Cerro Torre Controversy: Get Rid of Compressors Already
Seems most of us have moved on from the latest climbing world drama. Thank god. So I’ll sneak-in a quick suggestion that nobody can disagree with: Put the compressor in a museum. Uh-oh. I just remembered that this is climbing. And this is the Internet. I should revise my assertion: nobody reasonable could possibly argue that, somehow, a 300-pound metal engine belongs littered on the flanks of Cerro Torre.
Hardly anyone sees it up there anyway. Yet people clearly have a sentimental attachment to it (just look at the overblown reactions to this whole ordeal). Everybody agrees that it never belonged on Cerro Torre to begin with – notwithstanding a few “True Believers,” who also stand by Maestri’s 1959 hoax, and can’t be bothered by such trivialities as evidence and reason. Anyway, we can debate Hayden and Jason’s bolt removal ad nauseam (we’re well on our way, if not beyond). But the rusting heap of metal hanging on the side of Cerro Torre? C’mon. Even the True Believers. One word: museum. Maybe Argentina would even give the compressor to Italy, and then everyone would be happy.

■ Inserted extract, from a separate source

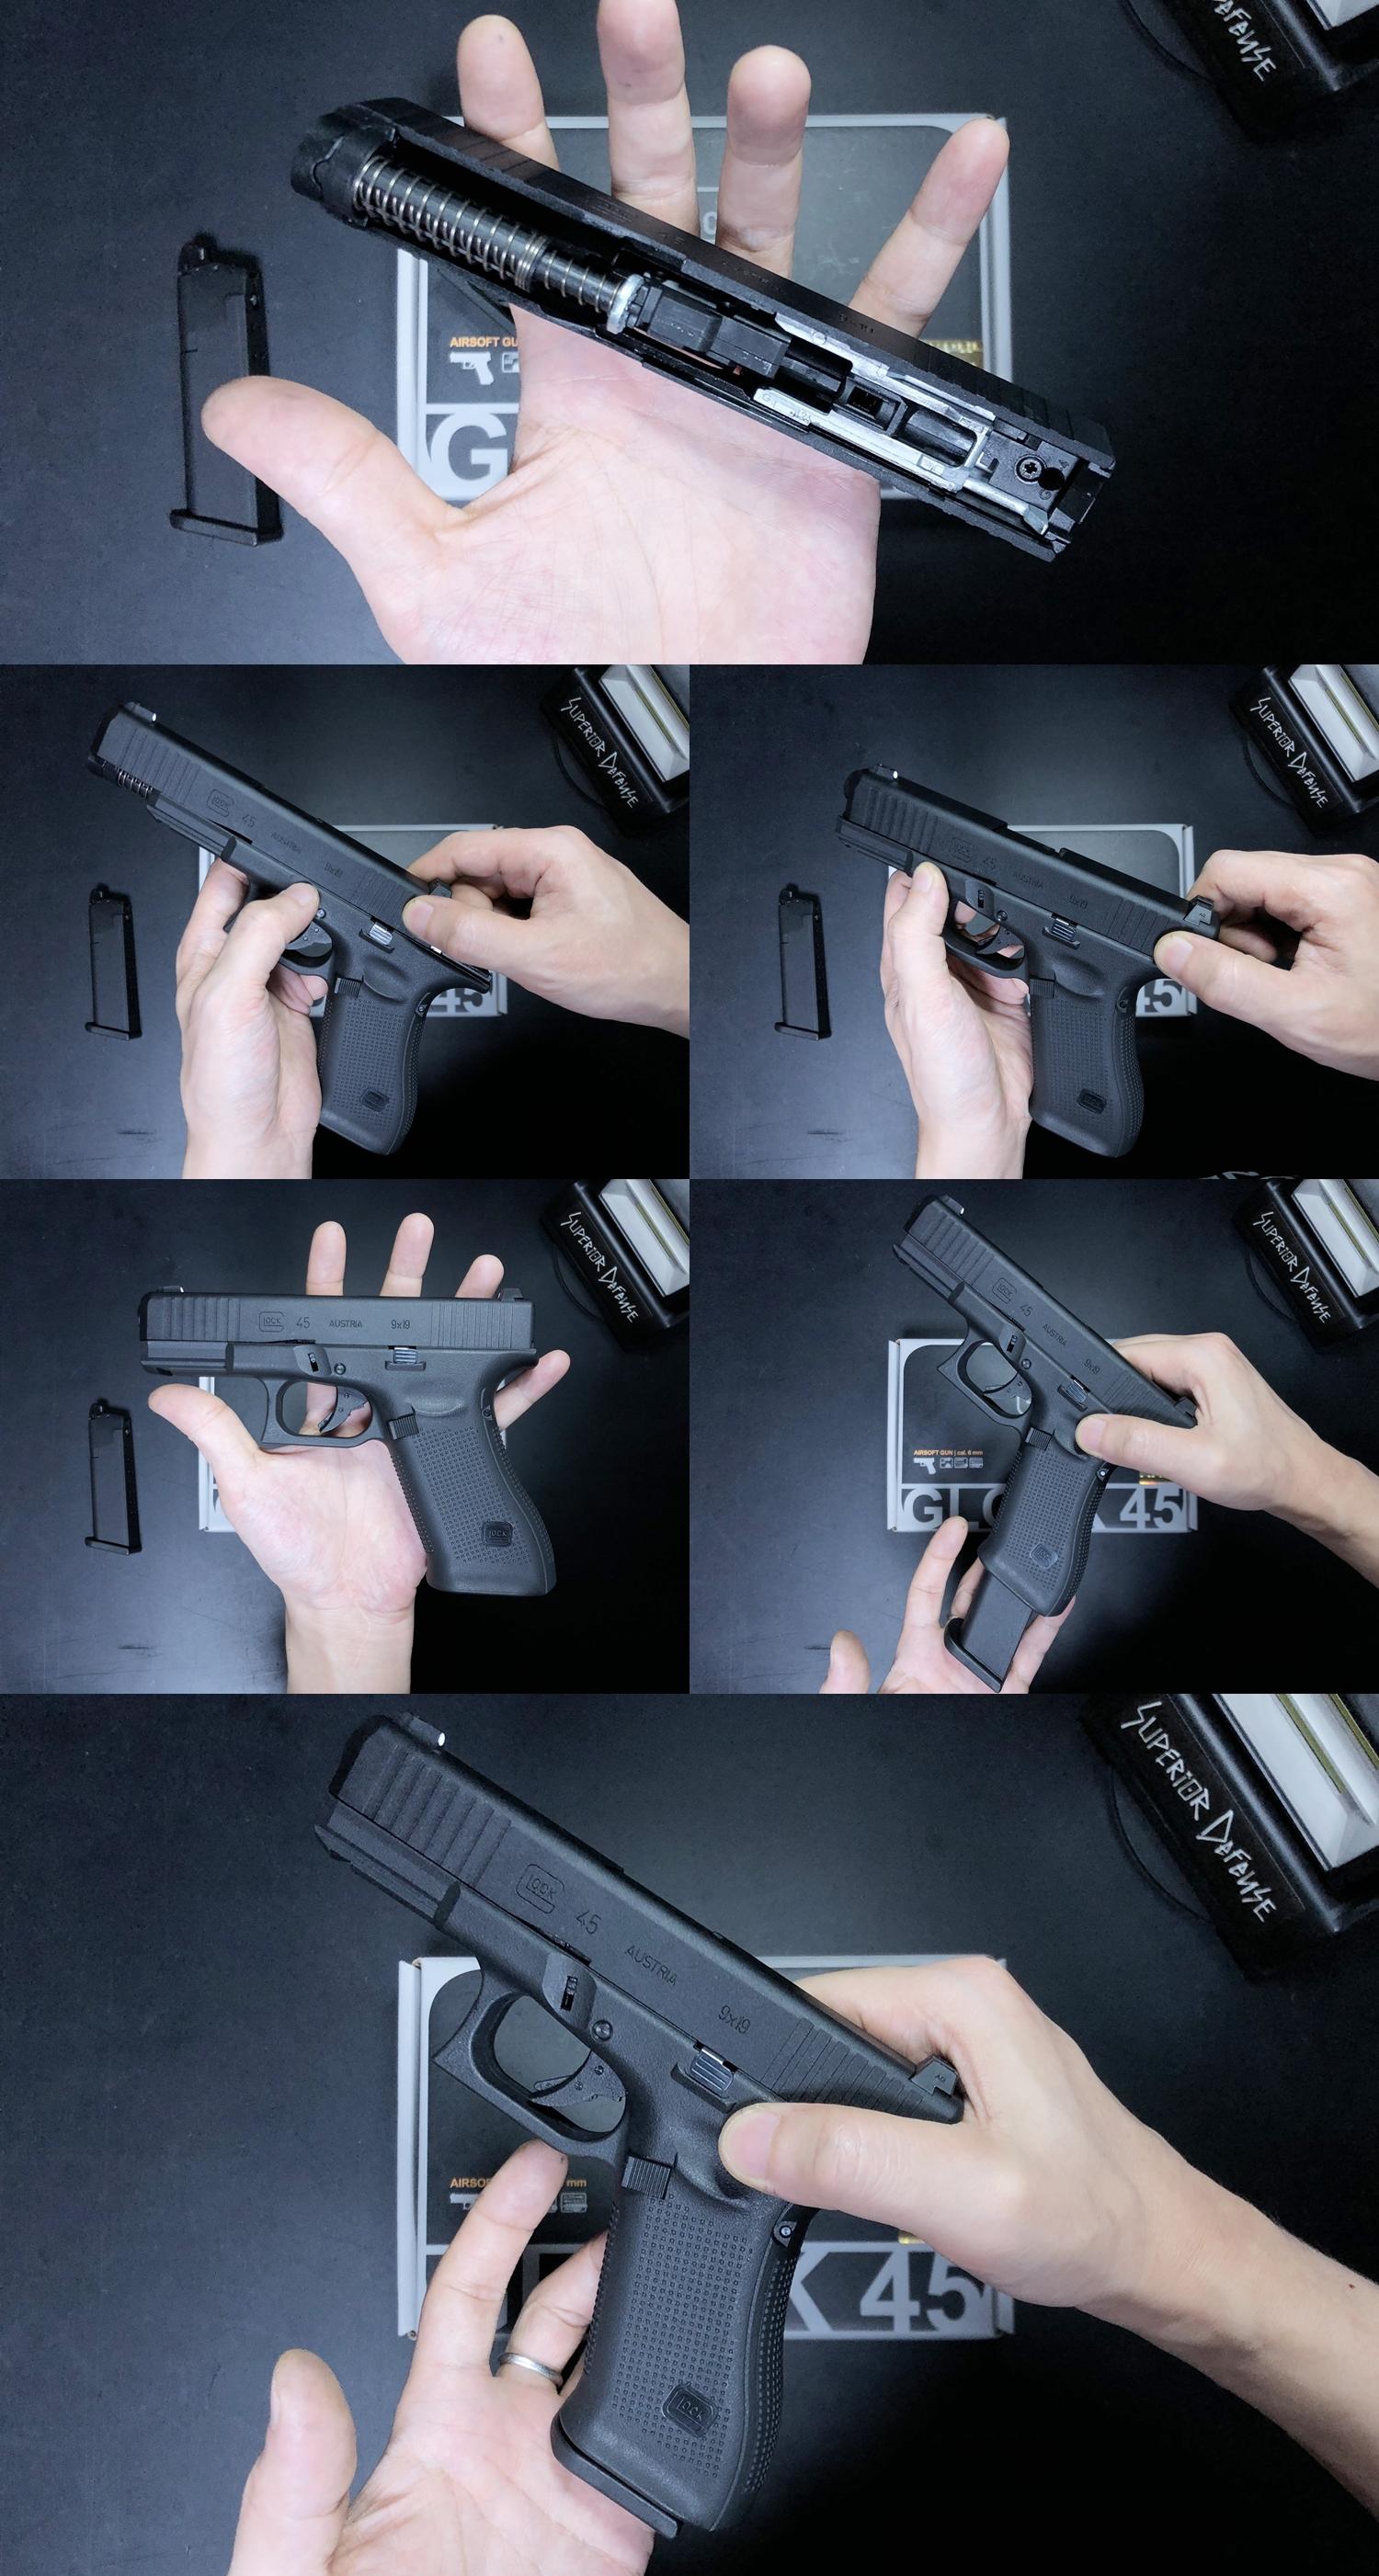 17 UMAREX VFC GLOCK G45 GBB AIRSOFT!! 噂のウマレックス G45 グロック ガスブローバック!! やっと我が家へ着弾 ~ 新品箱出し編!! 購入 開封 初速 計測 検証 比較 通常分解 組立 カスタム レビュー!!

Even those who use the nonsense argument that chopping some of the Compressor Route’s bolt-ladders was “elitist” would be pleased. Everyone can enjoy its namesake in a museum. You don’t even have to be a climber. What could be less elitist than that?
Seriously, why not haul it down, put it in a museum, or add it to the climbing display at the visitor’s center in El Chalten, where folks can see it? Perhaps the park service is considering it; I don’t know. But history is done. The Compressor Route happened. Nobody will forget it, and putting it on display might remind us, by way of sordid example, to respect the places we love. As we should. We accept some limited impact when we hike, ski, climb and venture into the mountains, but, “A gasoline-powered air compressor is not climbing equipment – it is industrial equipment,” as Colin Haley wrote in his excellent piece. It has no place in the mountains. Not in 1970, and not now.
After forty years of controversy, maybe something good can come from the Compressor Route: A reminder to keep wild places wild, treat them fairly and keep them clean. Put the compressor in a museum. Where it belongs.